Exercises for the Pelvic Floor
Ready to embark on your journey to a healthier pelvic floor? Here are some exercises that you can integrate into your workout routine to target this important region.
Kegels
Kegel exercises are perhaps the most well-known pelvic floor workout. They involve contracting and relaxing the muscles used to control your urinary flow. Start by finding the muscles you use to stop urinary flow midstream. Once located, practice contracting these muscles for several seconds, then releasing. Aim for three sets of 10-15 repetitions per day.
Bridges
Bridges primarily work the glutes and lower back, but also engage the pelvic floor as a stabilizing muscle. Lie on your back with knees bent and feet flat on the floor. Lift your hips off the ground, keeping your back straight, then lower them back down. Do three sets of 10-12 repetitions.
Squats
Squats are a compound exercise that activate the muscles in the lower body, including the pelvic floor. Stand with feet shoulder-width apart, lower your body as if sitting in a chair, then push back up to the starting position. Complete three sets of 8-10 reps.
Planks
Planks are a core-strengthening exercise that involve maintaining a position similar to a push-up but with your forearms on the ground. Hold this position for 30-60 seconds, engaging your core and pelvic floor muscles.
Incorporating Pelvic Workouts into Your Fitness Routine
Consistency is key to reaping the benefits of pelvic floor exercises. Here's how you can effectively integrate them into your existing fitness regimen.
Tips for Integrating Pelvic Workouts
Incorporate pelvic floor exercises at the beginning or end of your regular workouts. Alternately, set specific times throughout the day to perform a set of Kegels. Many find that associating them with daily routines, such as brushing teeth, can help establish a habitual practice.
Frequency and Duration Recommendations
For beginners, aim to perform pelvic floor exercises at least three to four times a week. Gradually increase to daily sessions as you become more comfortable with the exercises. Each session should last no more than 10-15 minutes.
Common Mistakes and Tips for Success
While pelvic workouts can be simple, they are often prone to common mistakes. Here’s how to navigate them for optimal effectiveness.
Avoiding Excessive Straining
It's essential to avoid overexerting the pelvic muscles. If you find that you need to strain excessively to complete an exercise, you may be engaging the wrong muscles or pushing yourself too hard. Focus on quality over quantity.

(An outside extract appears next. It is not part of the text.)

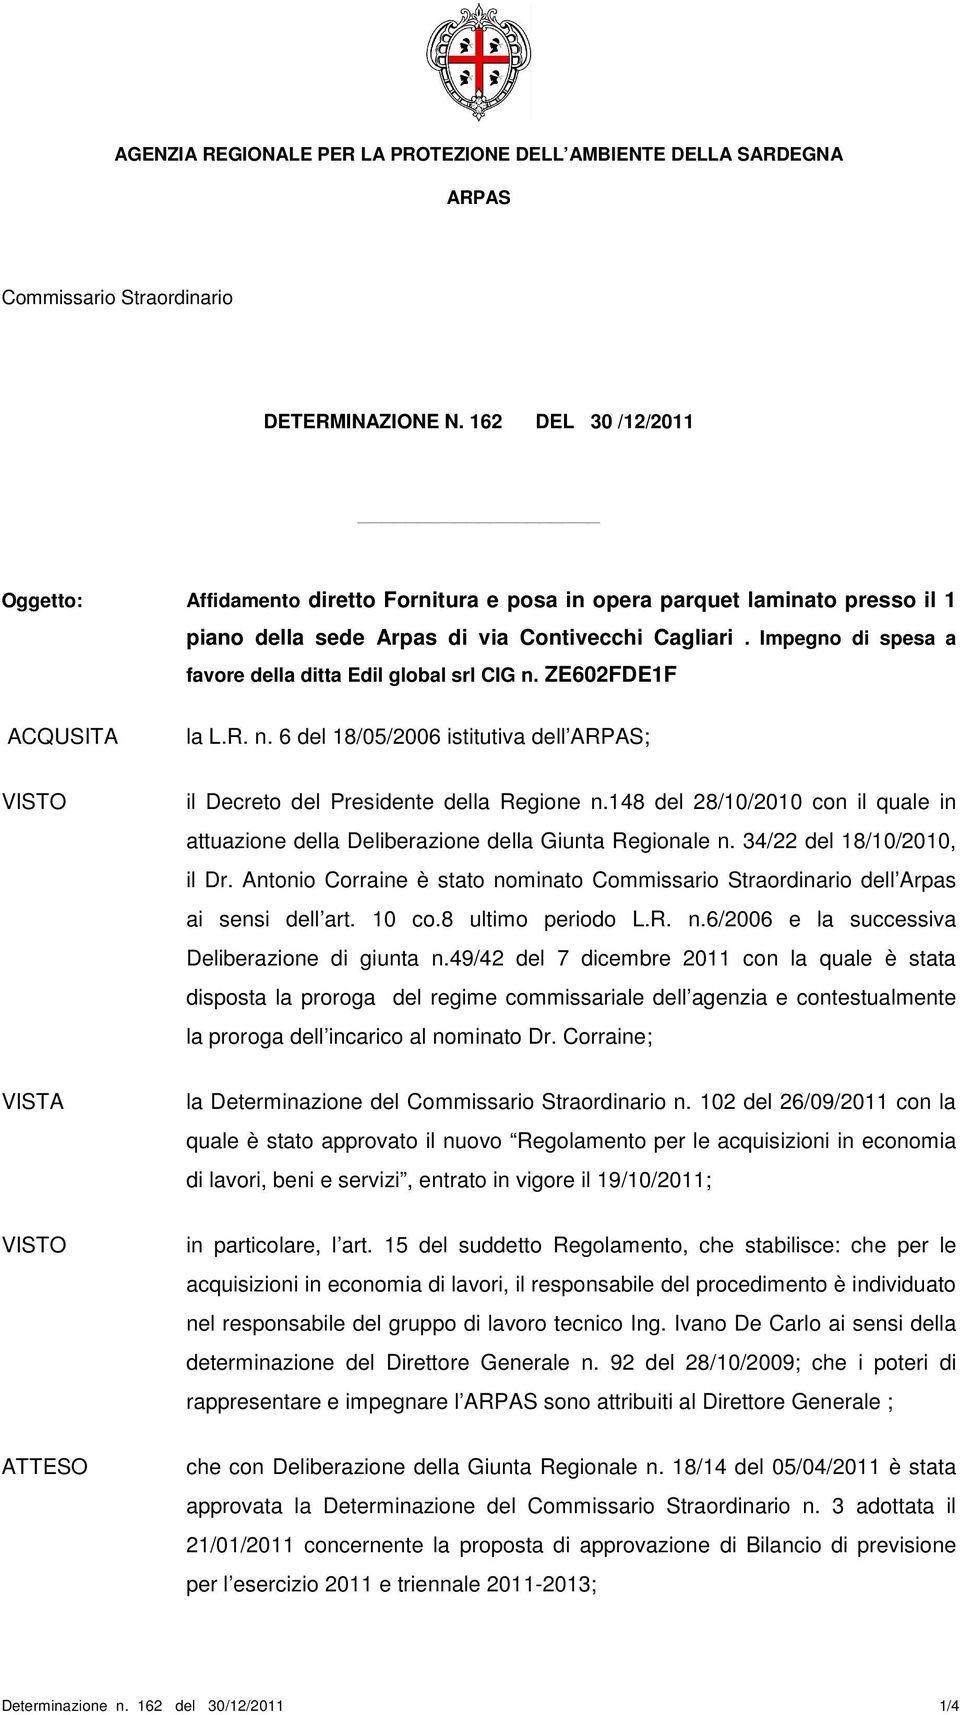 148 del 28/10/2010 con il quale in attuazione della Deliberazione della Giunta Regionale n. 34/22 del 18/10/2010, il Dr. Antonio Corraine è stato nominato dell Arpas ai sensi dell art. 10 co.

Proper Breathing Techniques
Breath control during pelvic workouts is critical. Inhale deeply through your nose, expanding your belly, then exhale through your mouth, drawing your navel toward your spine, as you perform the exercise. This breathing pattern can help engage your pelvic floor muscles more effectively.

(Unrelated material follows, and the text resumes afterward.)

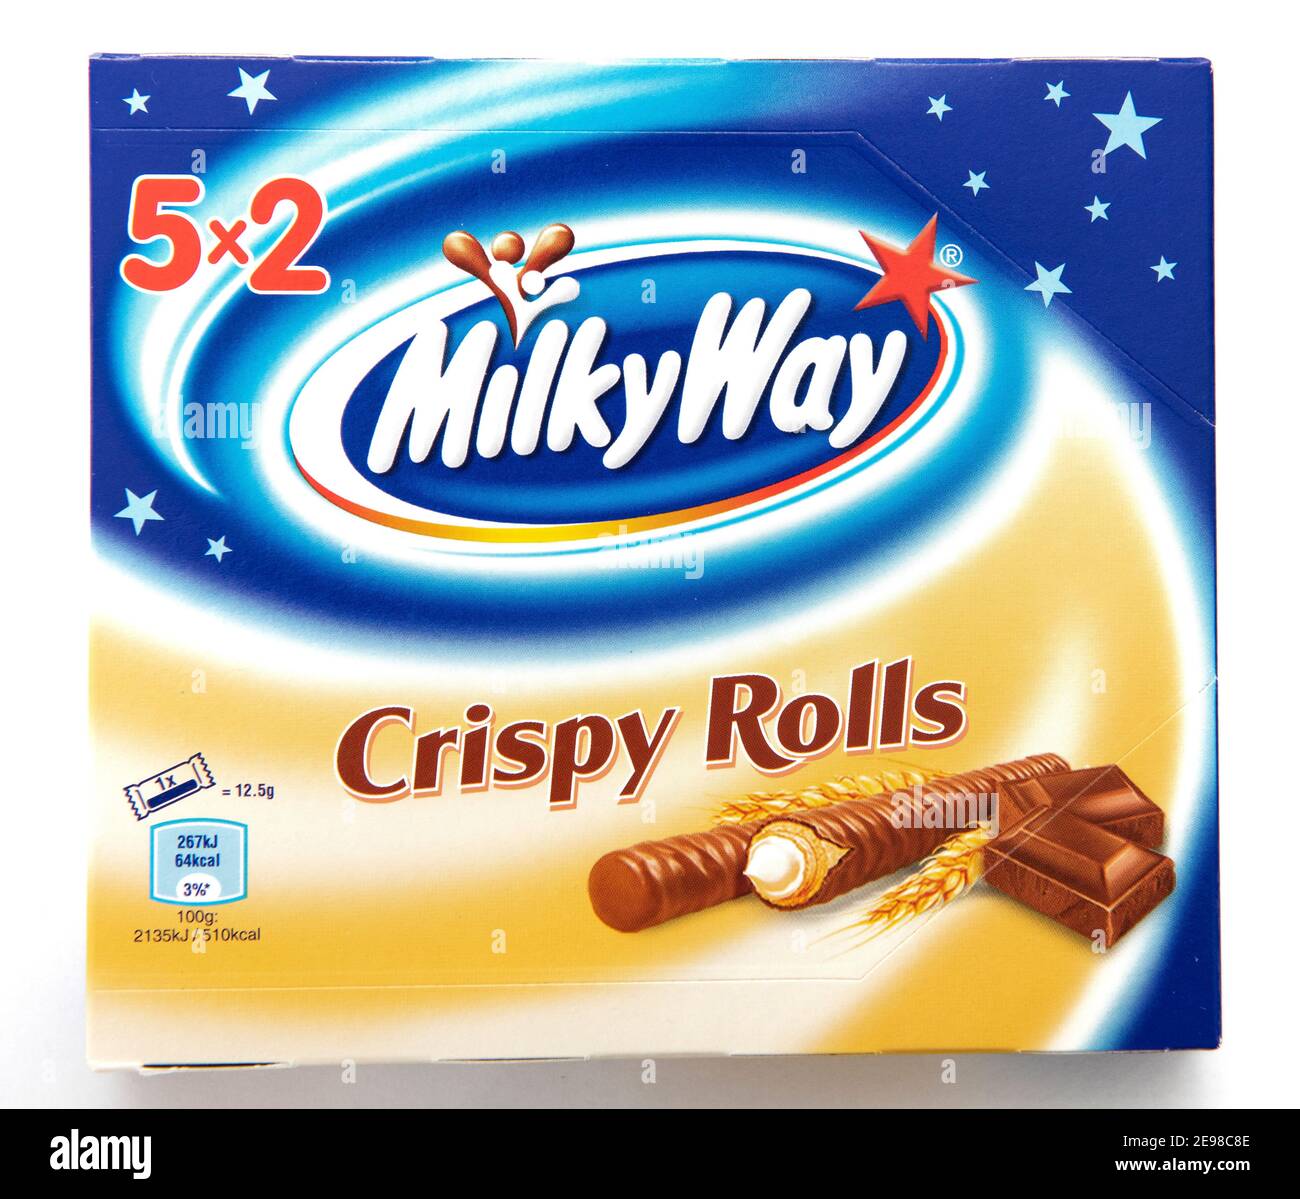 Milky way Crispy rolls Stock Photo - Alamy

Progression and Challenging Yourself
Like any muscles, the pelvic floor muscles require progressive overload to grow stronger. As your exercises become easier, challenge yourself by adding more repetitions, holding each contraction for longer, or incorporating resistance through exercise bands.
Conclusion
Caring for your pelvic floor should be a key component of any man's health and fitness journey. By understanding the importance of this often-neglected area and committing to a routine of targeted exercises, you can bolster your core strength, improve your balance and posture, enhance sexual performance, and fend off urinary incontinence.

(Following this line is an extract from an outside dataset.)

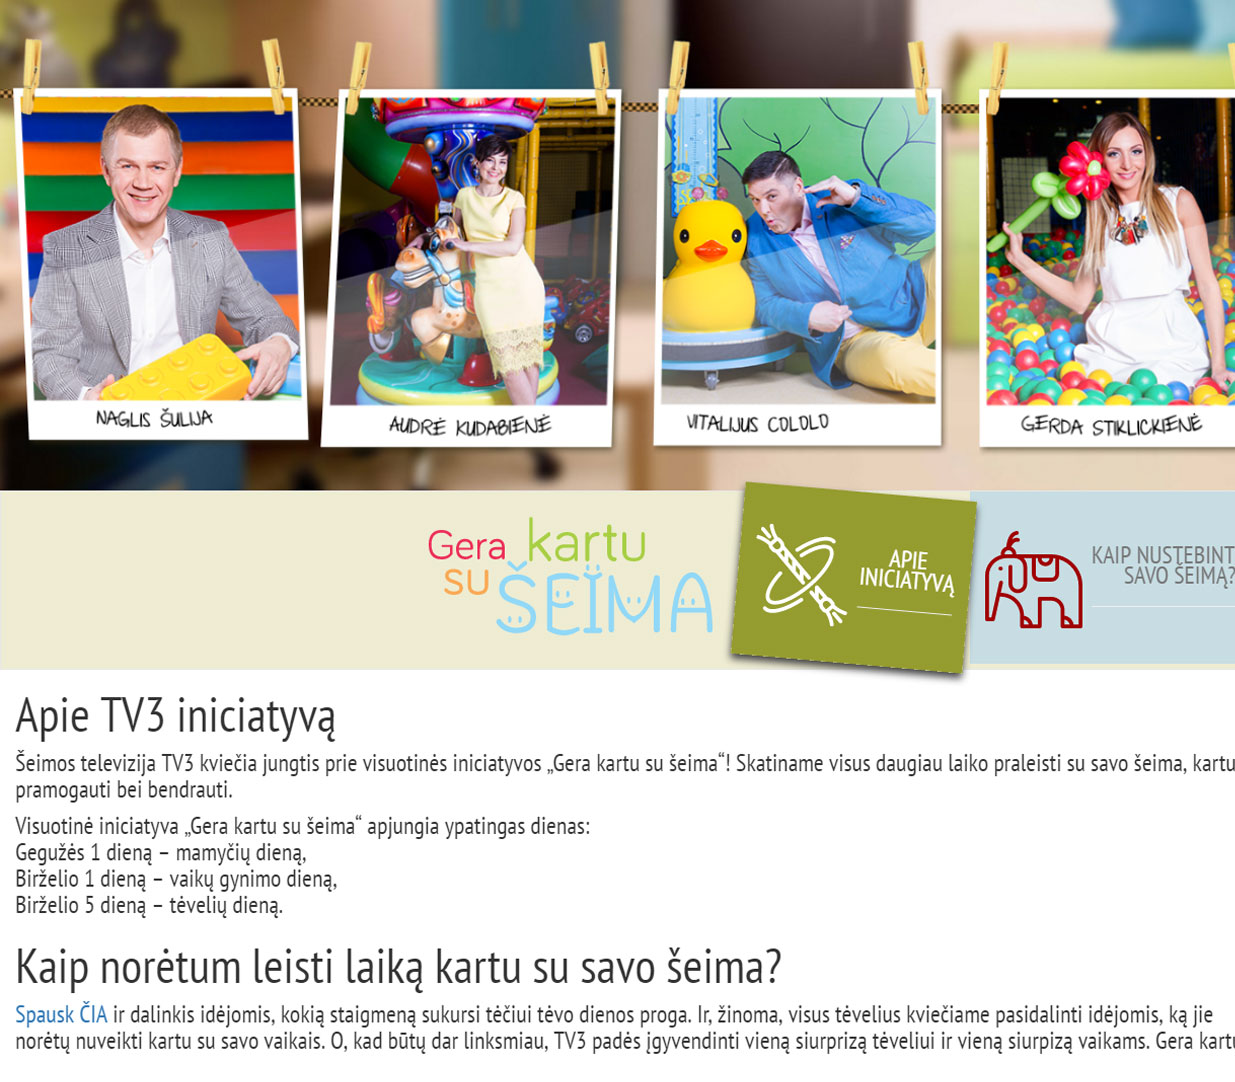 gerakartu.tv3.lt - TV global initiative

Embarking on a holistic approach to fitness by including pelvic workouts is not only for older men but is valuable for men of all ages. Incorporating these exercises into your daily life can lead to a more robust and resilient body, ensuring you’re equipped for an active lifestyle and all the activities you enjoy. Start by integrating these exercises gradually, and over time, you'll notice improvements that contribute to your overall health and well-being.